SEYMOUR, ROBERT, pseudonymous editor of Stow's 'Survey of London.' [See Mottley, John, 1692–1750.]

SEYMOUR, ROBERT (1800?–1836), book illustrator, born about 1800, was the posthumous son of Henry Seymour, a gentleman of Somerset, who, falling on evil times, moved to London, and obtained employment as a cabinet-maker with an upholsterer named Seddon. Robert's mother, Elizabeth Bishop, was a native of Marston, Somerset. A widow in poor circumstances, with two sons and a daughter, she gave her children such education as she could at home, and in due time apprenticed Robert to Vaughan, a pattern-drawer, of Duke Street, Smithfield. She died in 1827. Seymour, notwithstanding the humorous character of his best known works, inherited from her a very serious cast of mind.
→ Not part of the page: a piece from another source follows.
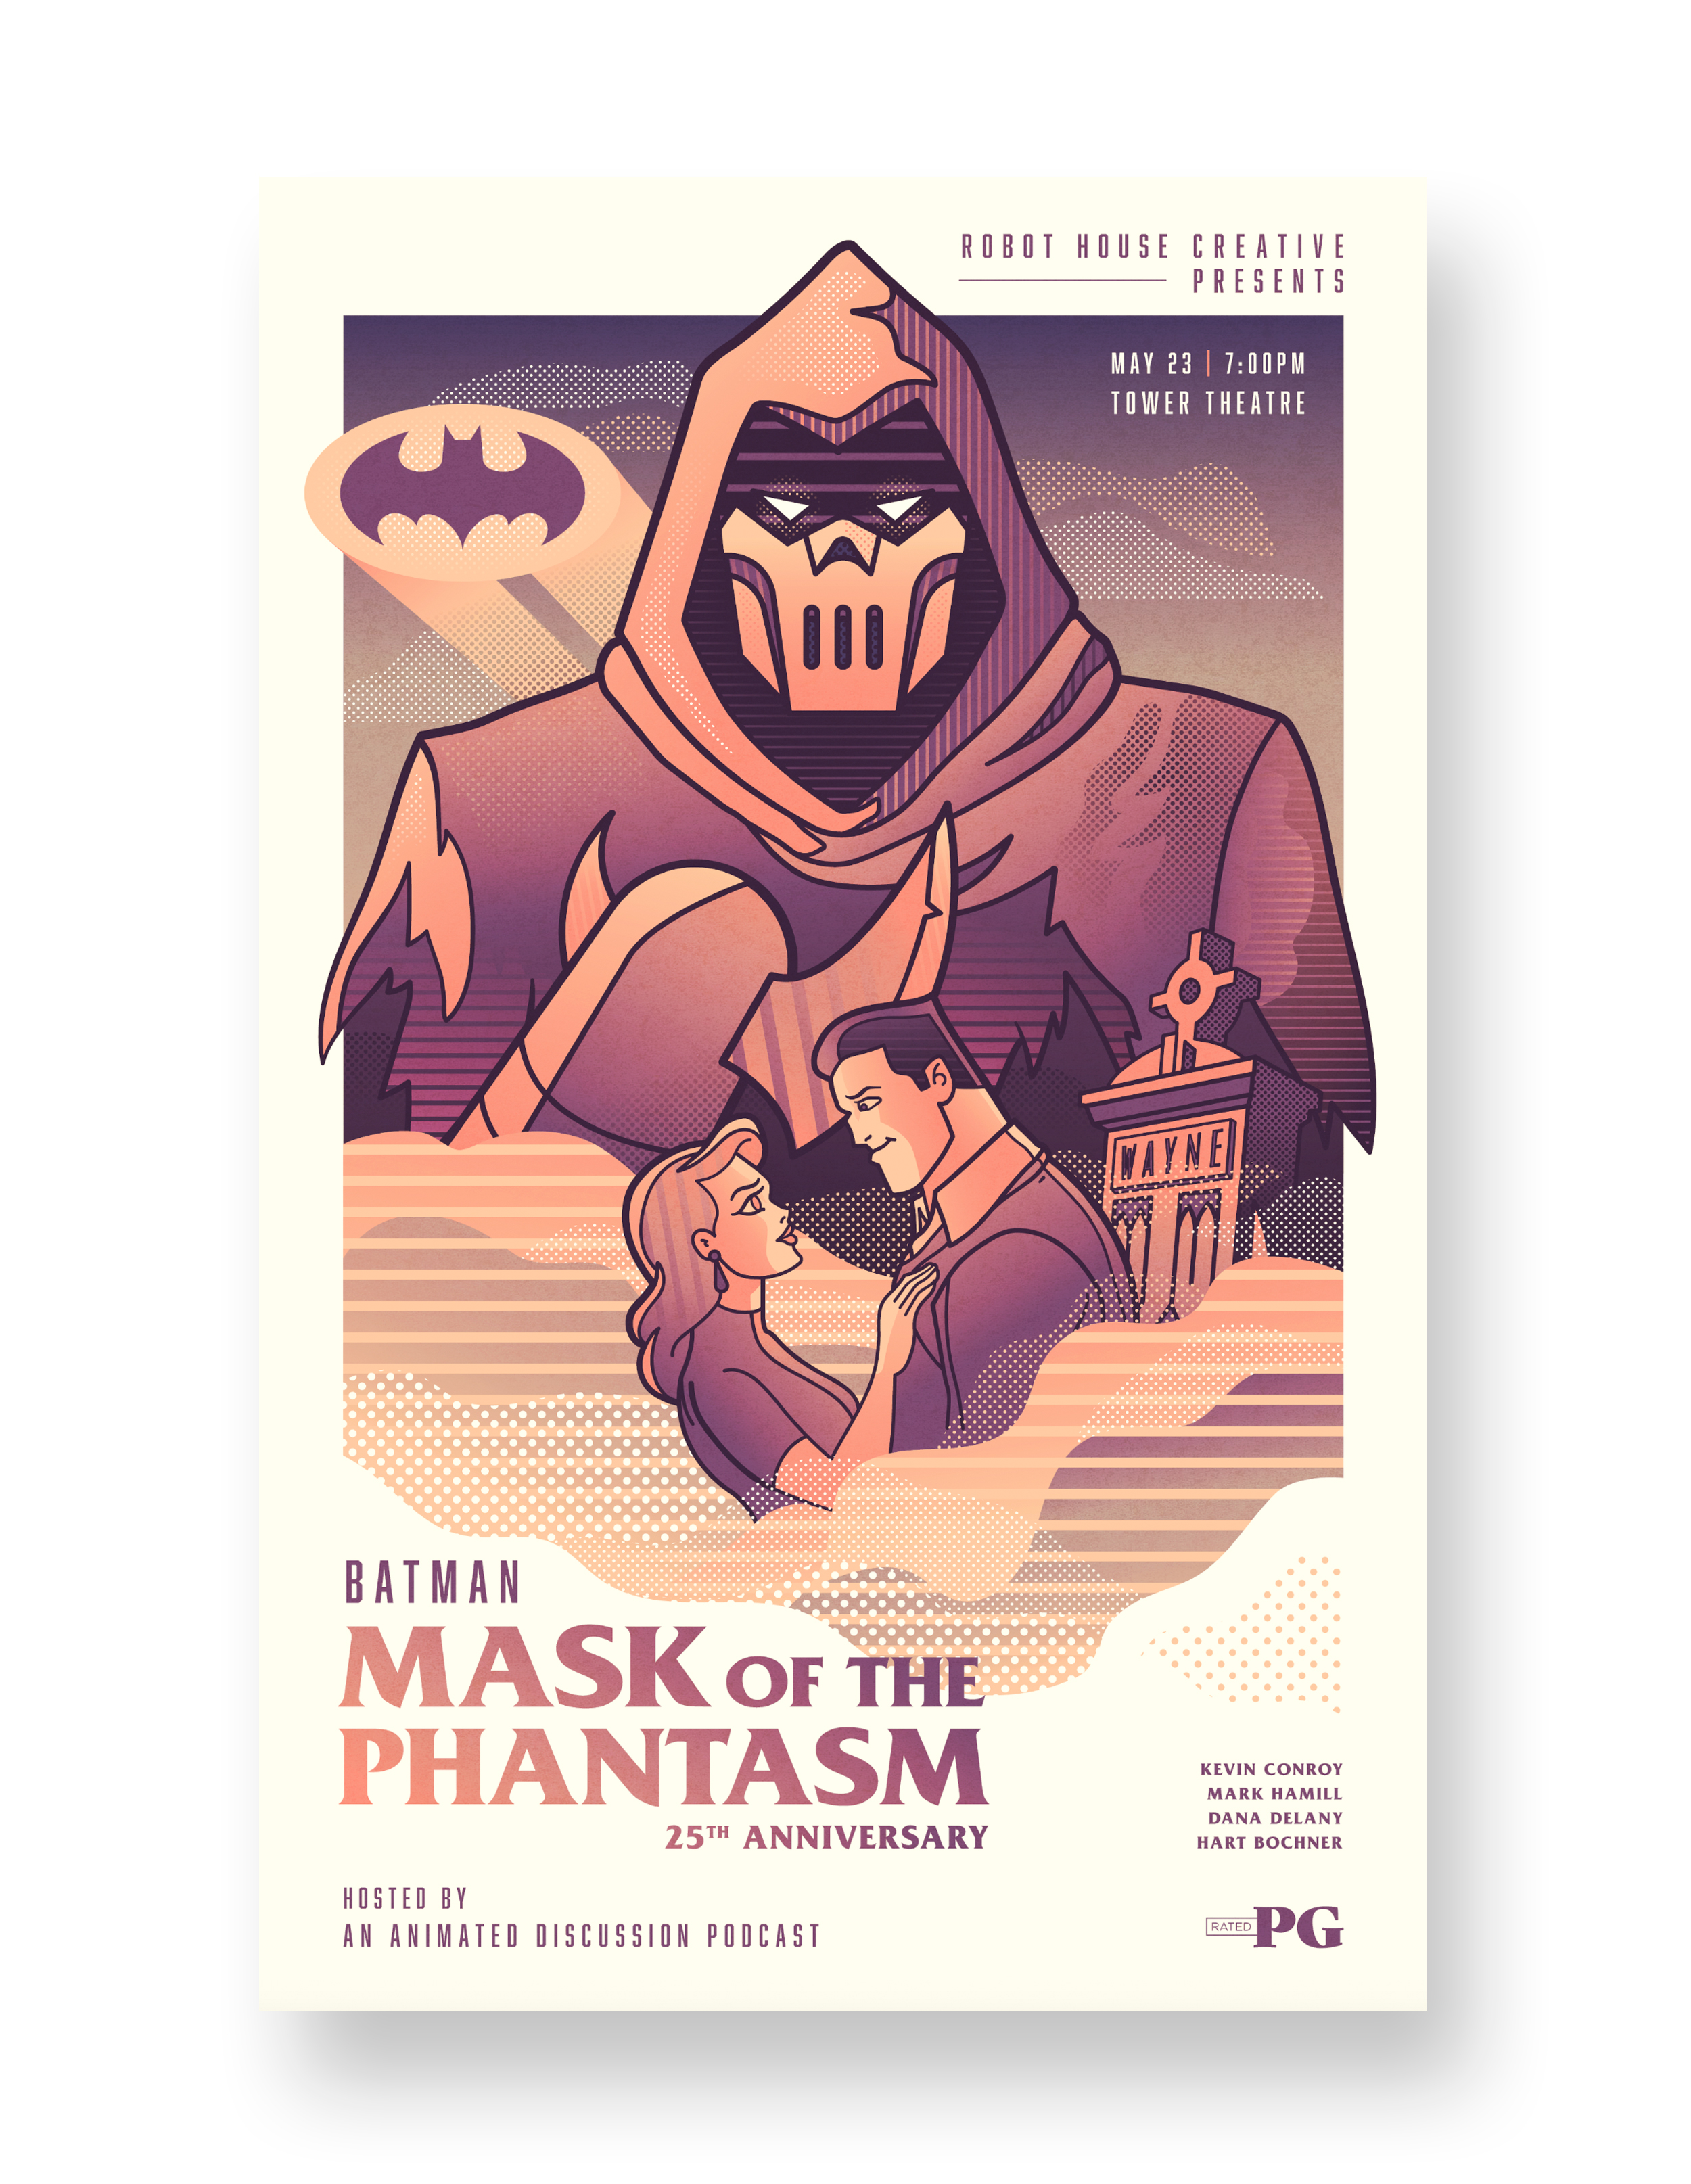 BATMAN MASK OF THE PHANTASM TOWER THEATRE VARIANT

During his boyhood, Seymour's spare time was devoted to sketching and painting. Apart from the mere A B C of pencil and water-colour drawing learned in his trade of pattern-drawing, he was indebted to his own exertions alone for his future proficiency. During his apprenticeship he devoted much of his leisure to miniature-painting, whence he derived a facility in catching likenesses. After the determination of his indentures, he entered on the career of a professional artist. At first he occupied himself chiefly in painting, and in 1822 was rewarded by the acceptance of a picture for exhibition by the Royal Academy at Somerset House. This was his first and last appearance there. He offered another, but it was rejected. He was fortunate enough to be brought early into the society of the artist, Joseph Severn [q. v.], whom he may have met at the house of his uncle, Thomas Holmes [see Holmes, Edward]. There also Robert saw much of his cousin Jane Holmes (b. April 1801), whom he married in 1827.

Although Seymour never wholly abandoned oil-painting, he mainly confined his energies to preparing illustrations for the publishers of books, journals, and caricatures.